A stay-at-home mom is overworked, under-cared-for, and finally snaps.  As she turns into a dog version, or a literal bitch, her clueless husband wants to save face more than anything else.

Written and directed by Marianna Palka, Bitch is one of those movies that is rare and hard to create, one where the story, direction, and acting all come into place to create something special.  Here she creates an odd tale that will resonate with housewives everywhere as well as with working spouses who seem to do it all while their significant other does very little at home or to support them outside of paying for everything.  The film and its characters explore family ties and dynamics and what happens to them when one key member cannot function anymore.  The characters built here are fantastic and realistic in their crazy situation.  Love and care are central themes as well as self-discovery and the importance of caring.  Palka creates a relatable story from a completely crazy premise.  Her characters feel familiar and connect easily with the audience.

The cast here does a fantastic job with the situation they are put in.  Marianna Palka herself plays the titular Bitch, the over-stressed mom of four who loses her mind.  Her transformation into a vicious, scared dog is fascinating to watch as she gives it her all.  How she manages to show emotions and communicate in this state is amazing.  She just gives one of those performances that will mark viewers.  Playing her husband is Jason Ritter who plays him as kind of a caring asshole who is a tough nut to crack but has many layers to his character.  He does this with talent and conviction.  Playing the lead’s sister, Jaime King adds a lot of care and tenderness to her character that creates a sort of balance to the other adults portrayed.  The kids are played fantastically well by young actors Brighton Sharbino, Rio Mangini, Jason Maybaum, and Kingston Foster, each having to deal with some very challenging roles and emotions in terms of relating to children who’s mom has turned into a dog.  They do this with talent and that sweetness and innocence kids can have in even the hardest of situation sometimes.  All of these performances show a care from the entire cast and from the writer/director in terms of wanting to make this crazy story into something that is touching and emotional.

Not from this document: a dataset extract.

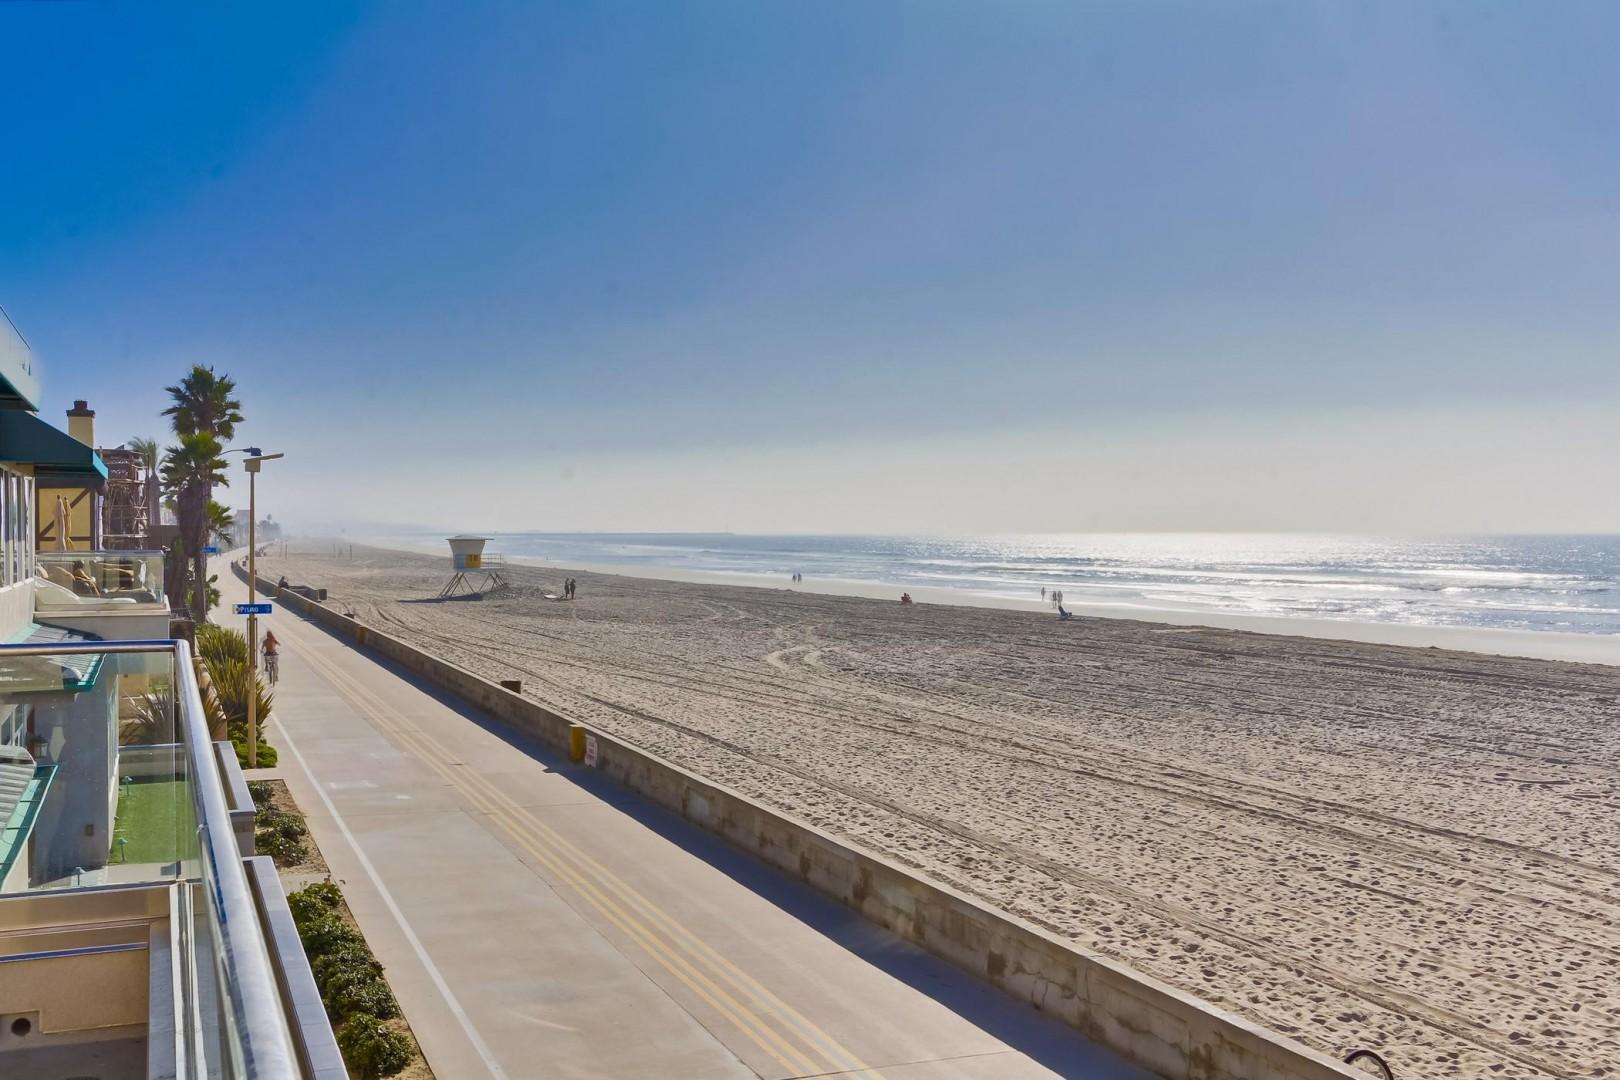 3753-ocean-front-walk-2-015_2100x1400

The film’s cinematography by Armando Salas creates a very direct approach and head-on look for the story and its characters.  The camera never flinches or avoids the main emotions by keeping them out of frame.  It’s on the characters, watching their emotions, letting them transfer these to the viewer who will inevitably connect at one point or another with the one of the leads, may it be through their family connections, their relationships, or the strain in their mental and emotional capacities.

Bitch is one of those movies that have a crazy premise for a story that needs it to break some barriers and show emotions dead-on.  It’s a movie filled with emotions and feelings, but not one of those lovey-dovey or TV-style movies.  It’s raw and emotional; it shows the truth of being an over-worked person with too much stress, too little support, and no real outlet.  The way the story is built and acted is fantastic and connects with the audience in way that slowly builds throughout the film.

Fantasia International Film Festival runs from July 13th to August 2nd.